Neonatal pneumococcal early onset disease (≤72 hours after birth) is thought to be due to maternal vertical transmission. S pneumoniae is uncommon in the vaginal flora^6,10,22 but rarely can even cause puerperal sepsis. The rarity of vaginal carriage suggests a high invasion to colonization ratio. Most of our cases occurred later than 72 hours post birth, as has been previously described. ¹⁶ The mechanism of late-onset infection can be either related to colonization occurring in the passage through the maternal birth canal, or to acquisition of the bacteria from older siblings. In all cases where data were available in this study, the patients had older siblings. This fact supports the theory that, as in older infants, the mechanism of disease beyond the first week of life is horizontal acquisition of the pathogen followed by colonization in the nasopharynx or middle ear fluid, and secondary bacteremia or meningitis as a later event. Moreover, it is interesting to note that all 4 infants who were delivered by caesarian section had late-onset disease occurring more than 30 days after birth. This too is in agreement with the assumption that the mode of transmission could not be vertical in these cases.

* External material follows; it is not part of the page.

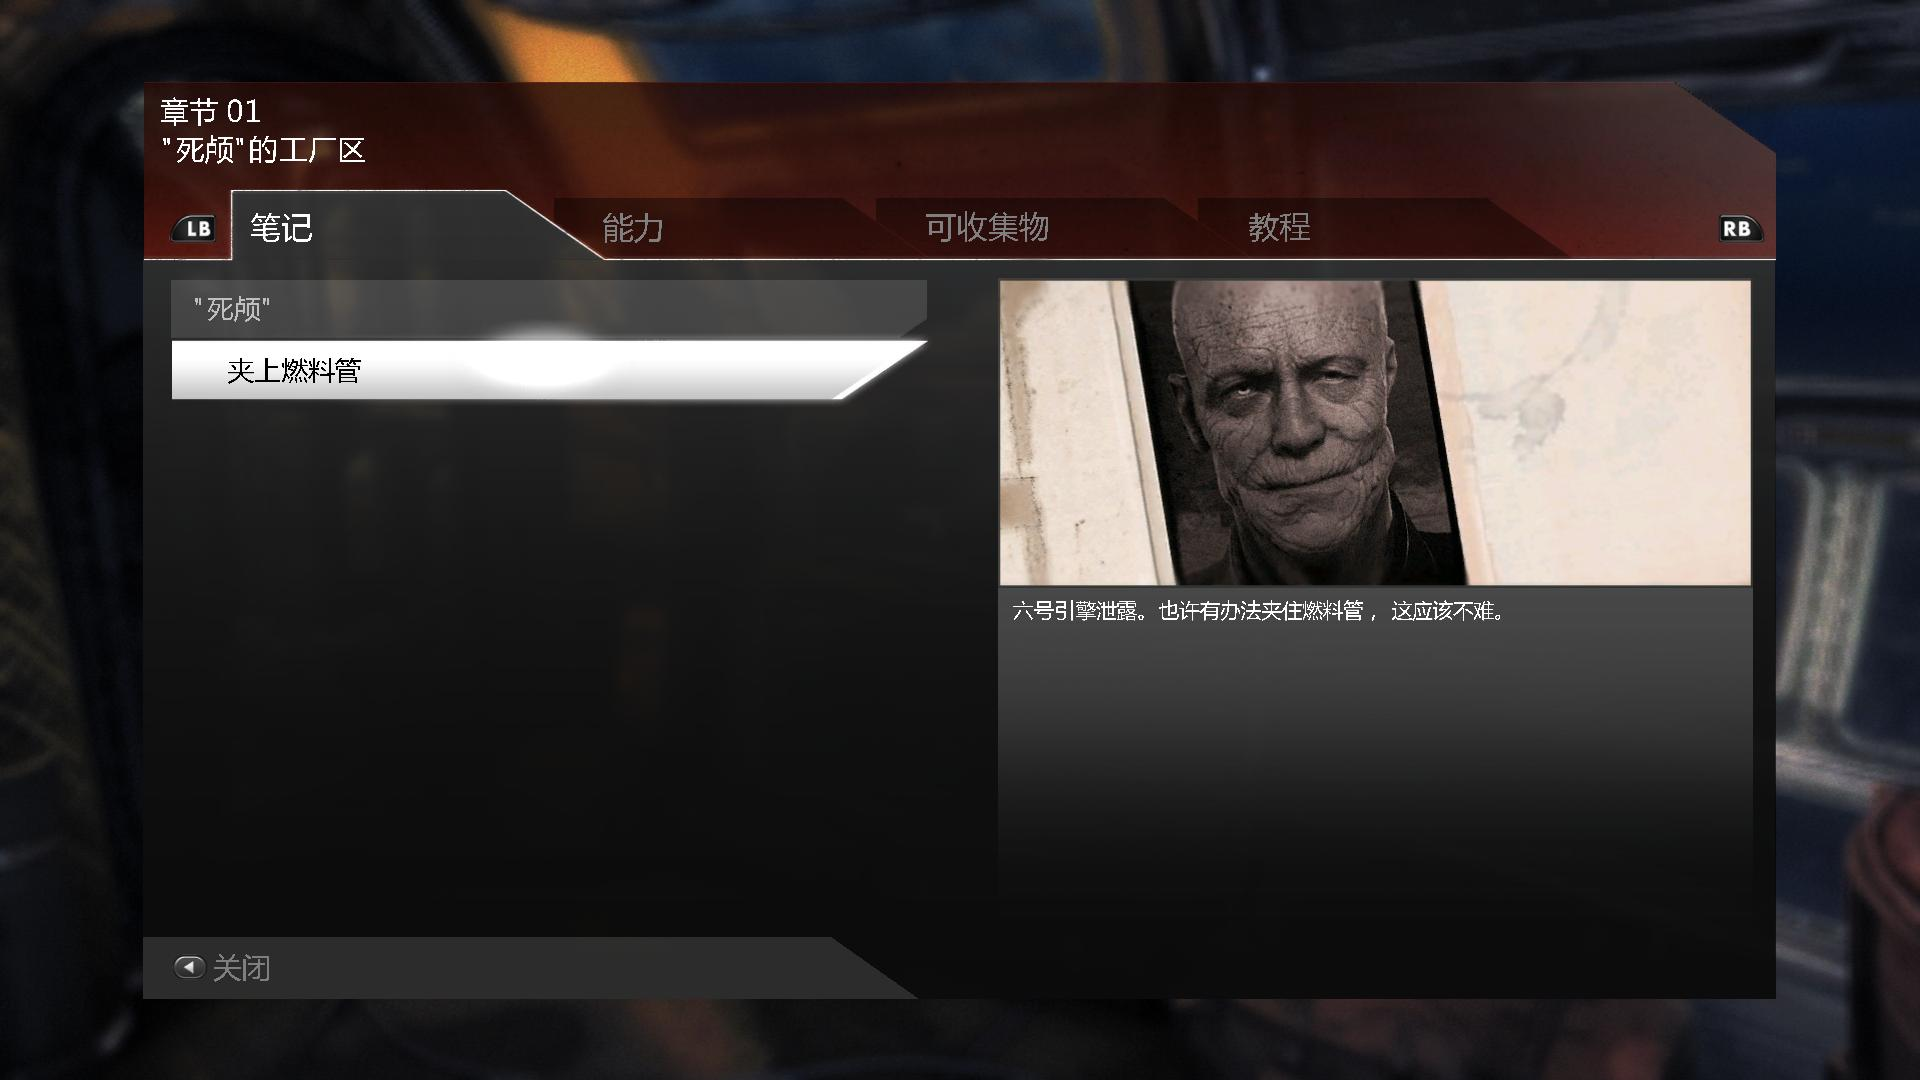 德军总部:新秩序 1号升级档+破解补丁[3DM]

In total, 87% of the pneumococcal isolates in our study were fully susceptible to penicillin (MIC < 0.1). The rest had intermediate susceptibility. The empiric antibiotic regimen for suspected neonatal sepsis in our hospital includes administration of high-dose ampicillin and gentamicin, or ampicillin and cefotaxime if meningitis is suspected. This regimen is adequate for pneumococcal invasive infections in our medical center but may not be adequate in centers where penicillin resistance rates are higher.

Conclusions

Pneumococcal infection should be considered for and treated empirically in every infant with a suspected invasive bacterial infection. In medical centers with a high percentage of penicillin nonsusceptible pneumococcal strains, the empiric antibiotic regimen for neonatal sepsis should be modified to cover those strains. Routine vaccination with PCV7 might not substantially reduce pneumococcal morbidity in infants younger than 60 days, in Israel.